- Abbreviation: MWL
- Founded: 1938
- Dissolved: 1940
- Split from: Revolutionary Workers League
- Ideology: Trotskyism
- Political position: Far-left

= Marxist Workers League (US) =

The Marxist Workers League was the name of two splinter groups from the Revolutionary Workers League (RWL) in the 1930s.

== 1936 split ==
The first group split in early 1936. After "a sensational existence of both its members for 19 days", they rejoined the RWL.

== 1938 split ==
The second group formed in early 1938, containing elements from the RWL, Albert Weisbord's Communist League of Struggle, and the Trotskyist YPSL. Its central criticism of the RWL was of its analysis of the Spanish Civil War, which it believed was an imperialist war. Its principal leader was Karl Mienov. Mienov advocated for a revolutionary defeatist position in Spain, rather than the critical support of the Republican government advocated by the RWL, declaring "to be wrong on the Spanish war means to open the door wide open to social-patriotism in the coming imperialist world war... We are proud that we split from such a centrist group."

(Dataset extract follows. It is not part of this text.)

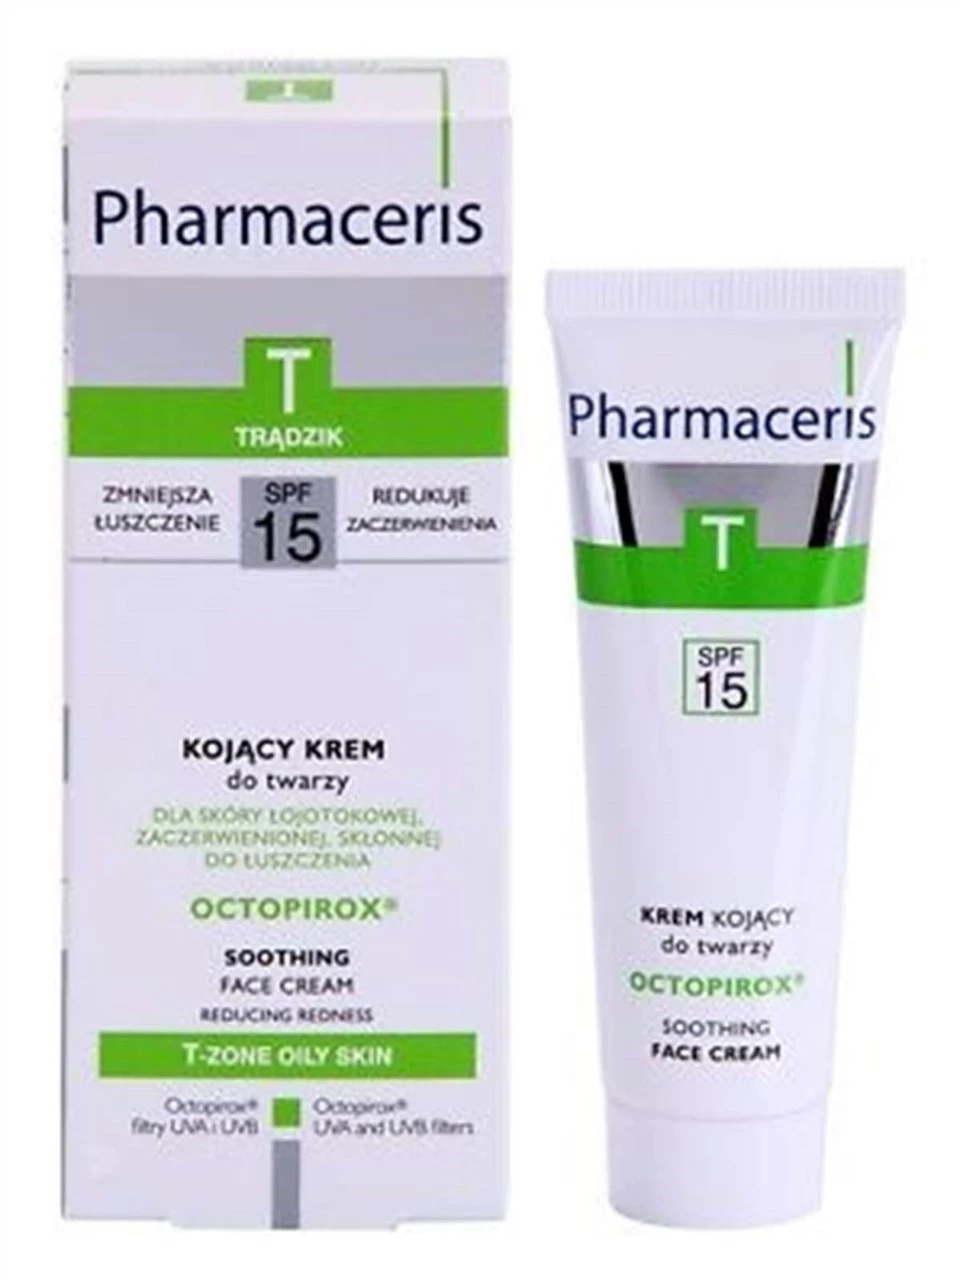 Pharmaceris T Octopirox Soothing Face Cream Spf15 30 ml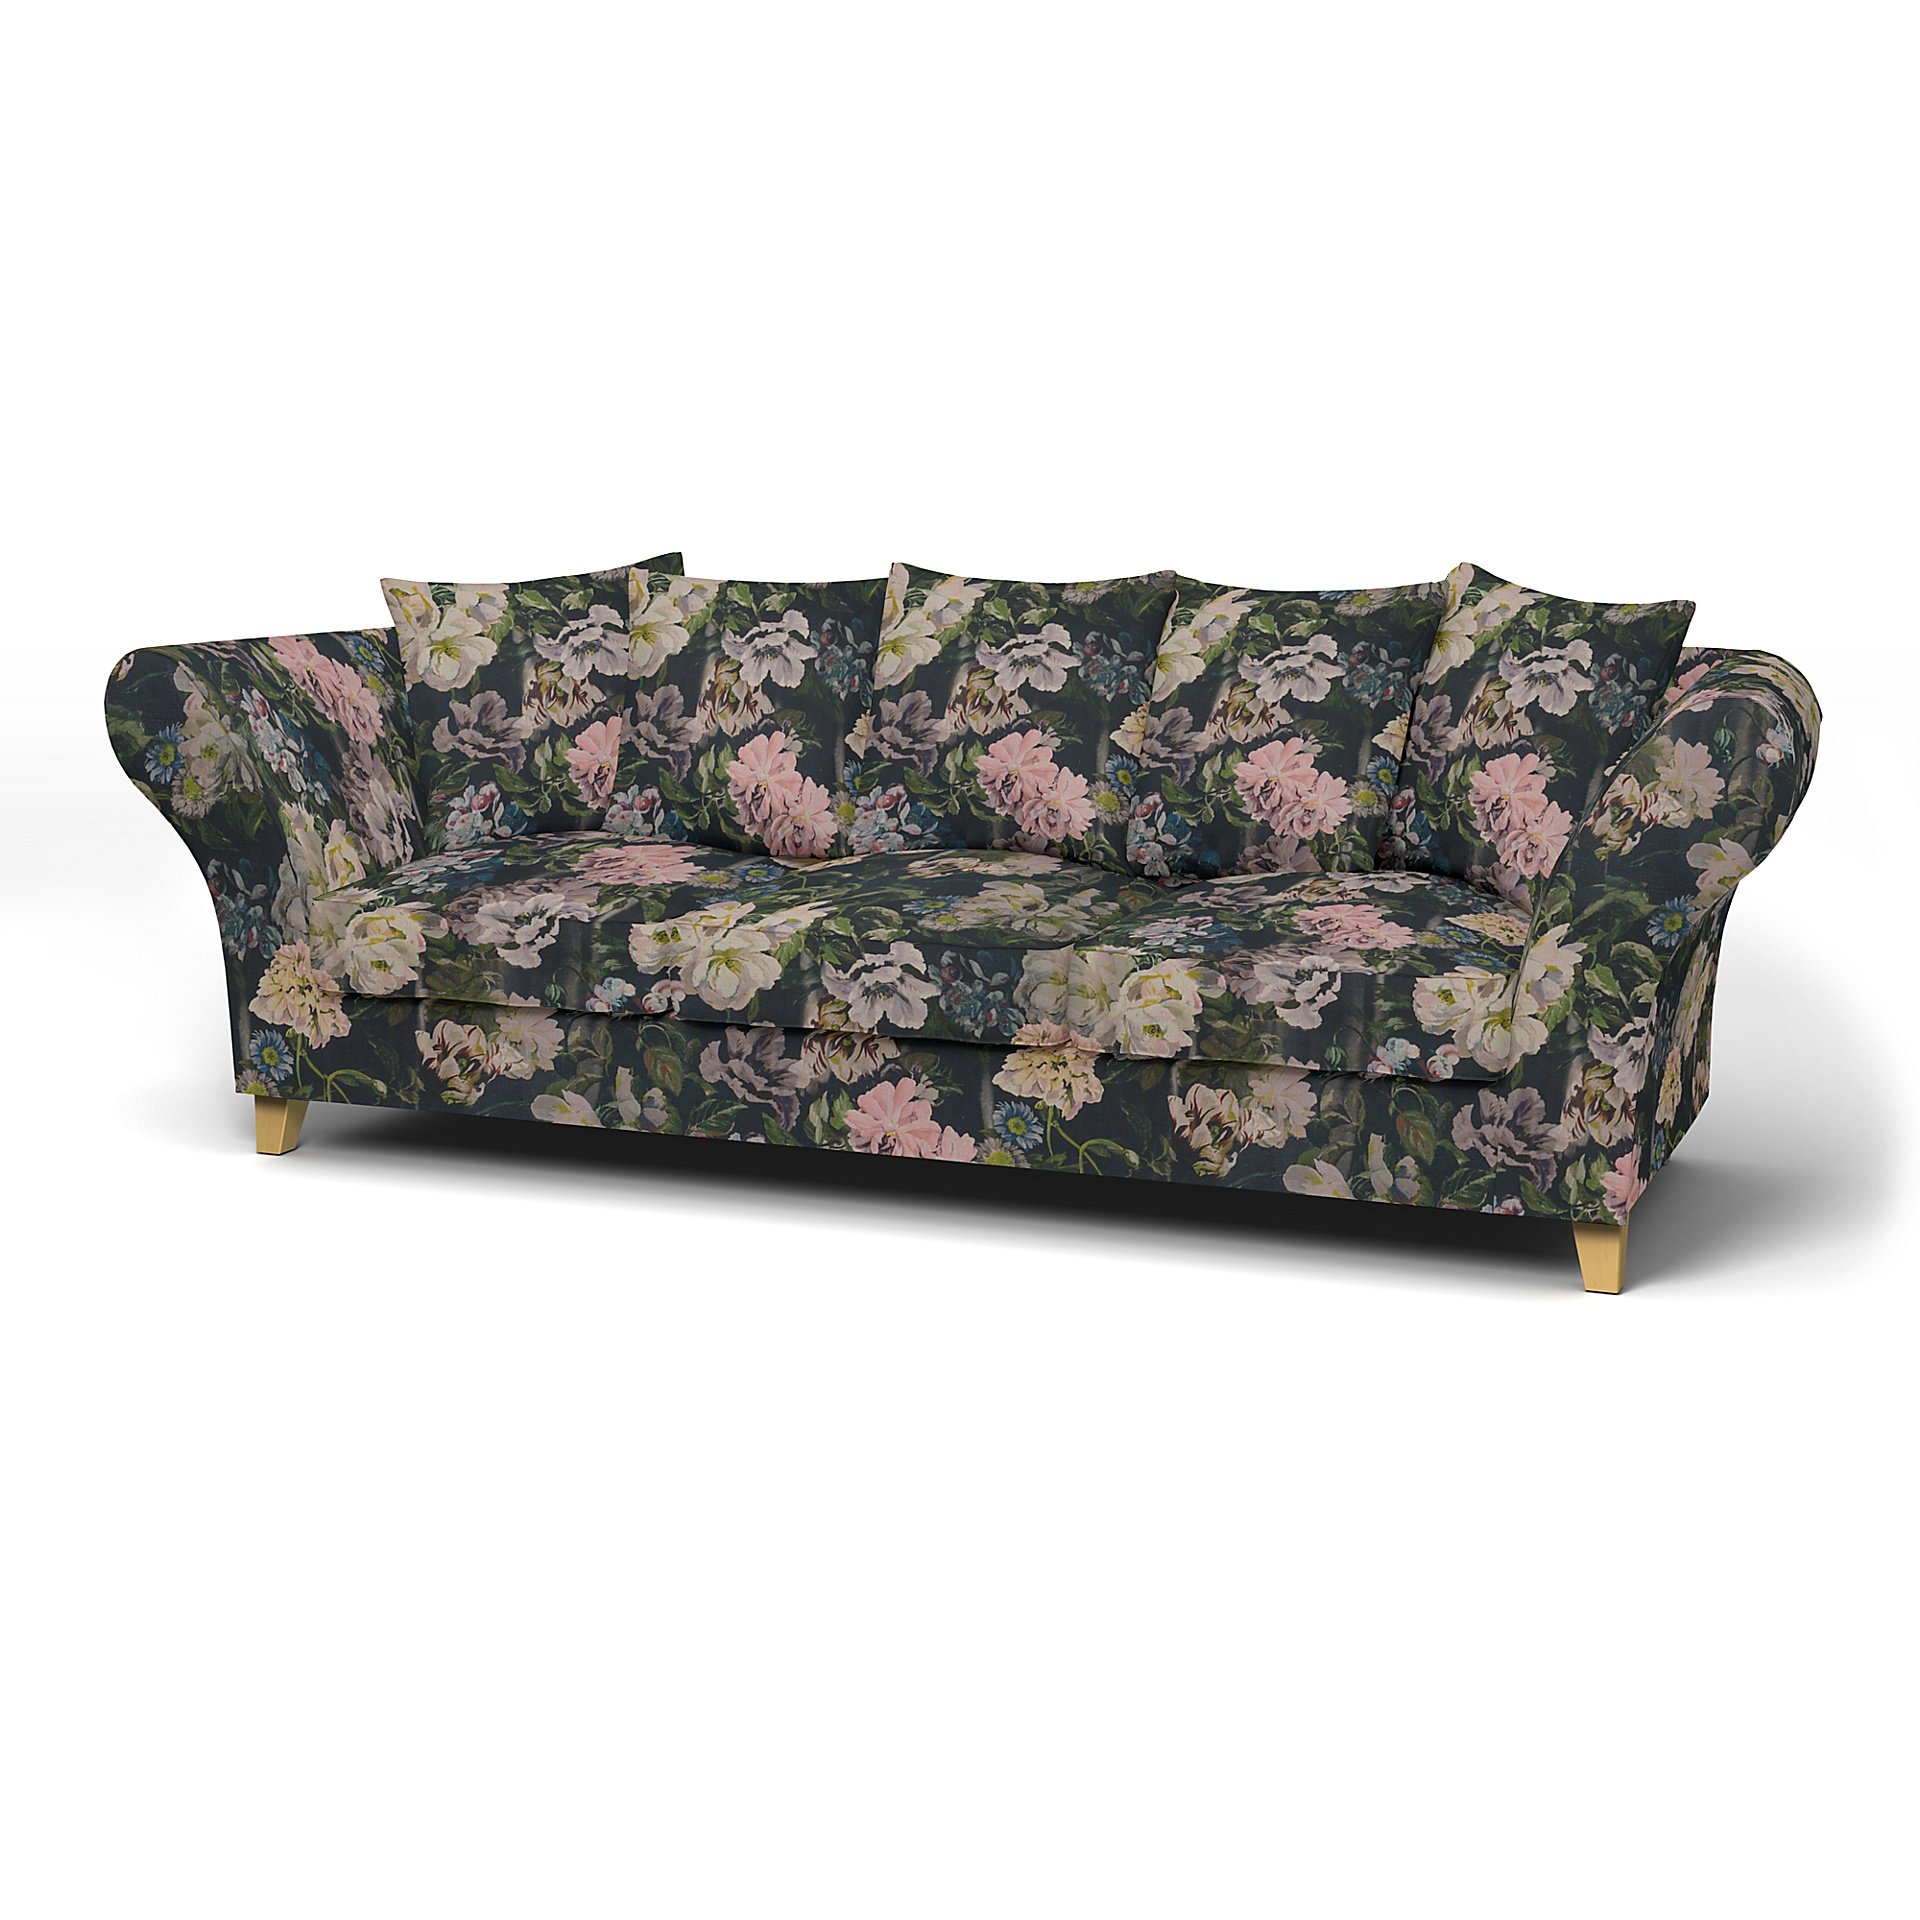 IKEA - Backa 3.5 Seater Sofa Cover, Delft Flower - Graphite, Linen - Bemz

The MWL published a "theoretical organ" out of New York called The Spark, and then Power, from February 1938 to 1940. According to Walter Goldberg, The Spark lasted from Vol. I #1 Feb. 1938 to Vol. II #3 May 1939.

In 1940, the MWL merged with another small sect, the Revolutionary Marxist League, led by Meldon Joerger, to create a group called the Workers Party. This new sect appears to have died out quickly, such that it had gone out of existence before the Shachtmanite Workers Party was formed in April 1940.